А потом мистер Крамп оказался одержим своим исследовательским запалом. Он всегда увлекался лингвистикой, и после одной научной работы намеревался кинуться в другую. За очередным пивом он предложил:
– Поехали в Лондон, Мэттью.
Улыбнувшись в ребро стакана, мистер Беллами хмыкнул.
– Мне ещё нужен стаж работы, чтобы пойти в магистратуру.
– У тебя он уже есть, дорогой, – мистер Крамп начал загибать пальцы. – Второй год, четыре месяца. Третий год – целый академический, четвёртый – зависит от тебя.
– А возьмут?
– Глупый мистер Беллами, – усмехнулся Крамп. – Вам будут в ноги кланяться. Университетский Колледж и вполовину не так хорош, как Оксфорд. Да и тут вас будут уговаривать остаться, с ногами затянут обратно, предварительно стукнув чем-нибудь по голове, чтоб не убежал.
– Поверю на слово.
И так мистер Беллами и мистер Крамп с женой переехали в Лондон.
Том обзавёлся собственной халтуркой, пока примкнул к какому-то частному бизнесу. Его способность крутить людьми как угодно сделала ему карьеру, но он мечтал о парфюмерии. Он просто бредил своими представлениями, и как только у них появилась нормальная связь, Мэттью проводил дни в углу «Роял Джорджа» в попытках отрезвить Тома по телефону.
Он захлёбывался своими планами, иногда был столь ослеплён, что забывал о куда более важных вещах.
Но посиделки в пабе не были его единственной заботой. В тот же первый год магистратуры он наконец-то продал дом, и ему приходилось частенько заезжать до этого, чтобы удостовериться, что он оставался в презентабельном состоянии. В гостиной осталось только кресло отца, в котором он любил сидеть часами, чувствуя тот же материал, что и мистер Беллами старший когда-то. На этом кресле он сидел у папы на коленях, и чёрно-белая фотография всегда напоминала ему об этом. Он избавился от множества вещей, но некоторые были святыней.

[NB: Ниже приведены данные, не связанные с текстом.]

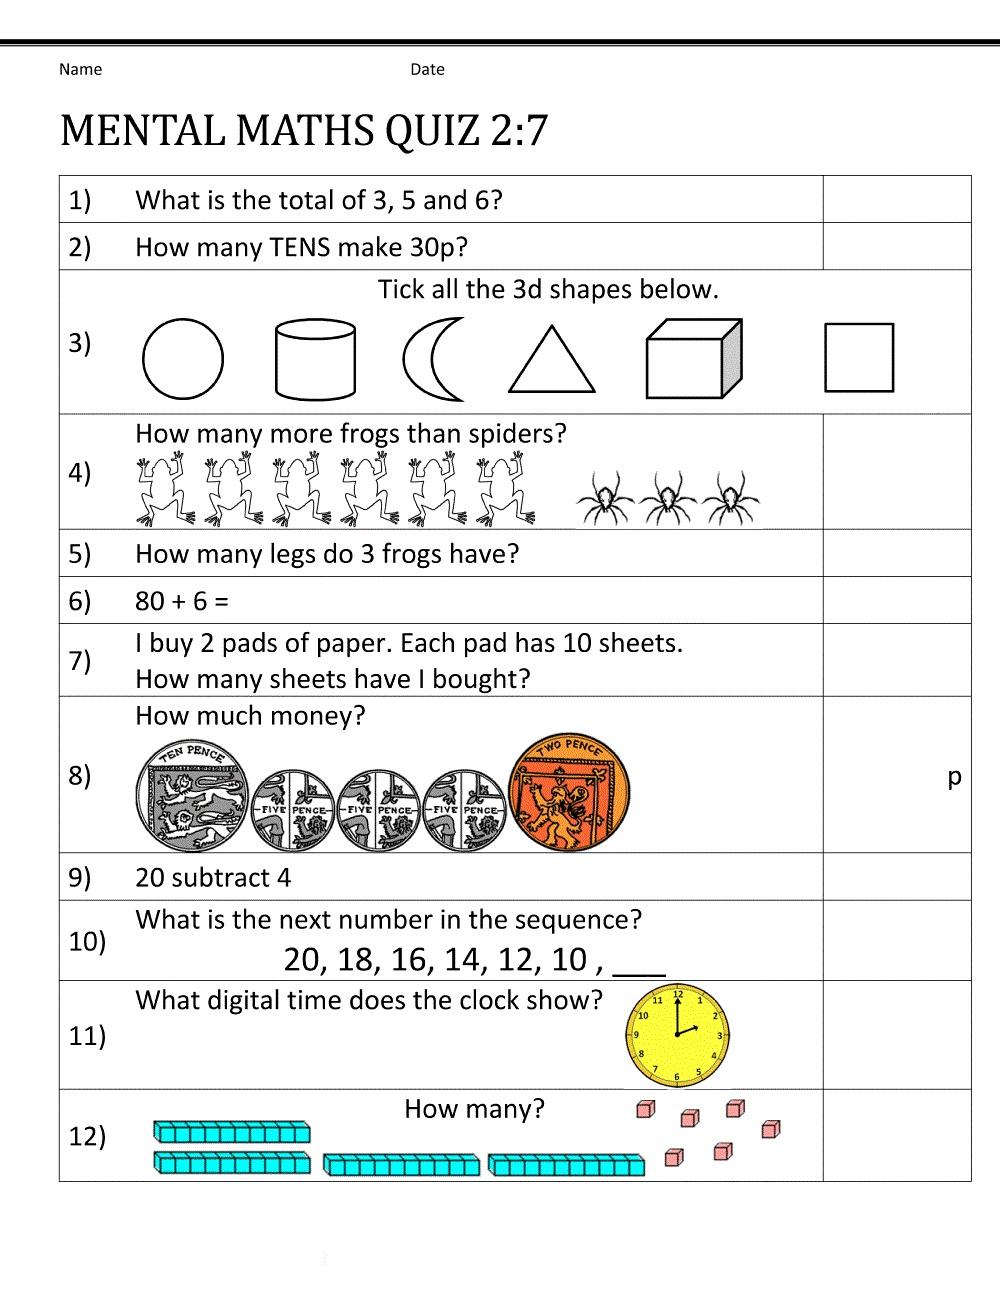 Free Worksheets 200000 For Prek 6Th 123 Homeschool 4 - Free Printable Worksheets For 3 Year Olds

А после он возвращался в Лондон. И ему не жалко было продавать дом, который ворошил все его воспоминания до единого мгновения. Он напряжённо работал и собирал материал для диссертации.
Однажды он столкнулся с каким-то мужчиной в коридоре второго этажа колледжа. Он тут же принялся извиняться, и мужчина тоже, и они оба вдруг поняли, что им стоит познакомиться. Такое с ним было впервые.
Мистер Никколз стал его научным руководителем, и только его добрая улыбка держала мистера Беллами на плаву, когда у него было по тридцать часов нагрузки в неделю на работе, мистер Крамп тонул с головой в своих разработках и научной литературе, а кругом – ни души. Иногда он мысленно умолял Томаса переехать в Лондон – тот находился в Париже, работая на один из филиалов «Кредо», чем очень гордился. Зависть и скука не покидали мистера Беллами днями.
Но теперь он смотрел на себя в зеркало, не стыдясь.
Он набрался смелости и пришёл к Джейми, чтобы сказать:
– Я собираюсь уехать.
– Подожди, я тут потерял закладку… что?
– Уехать.
Мистер Крамп вмиг растерял все слова.
– Я и так скучаю, Мэттью. Но мы хотя бы находимся в одном городе. Понимаешь? – озвучивать свои мысли ему удавалось рывками. – Прости меня! Боже, как я сразу не понял!
Мистер Беллами почуял неладное и отступил. А ещё приготовился слушать. Джейми был таким милым, когда делал это.
– Я так плохо веду себя, так коротко отвечаю. Будто эти бумажки могут заменить мне тебя. Прости меня. Не уезжай. Хотя бы ещё год.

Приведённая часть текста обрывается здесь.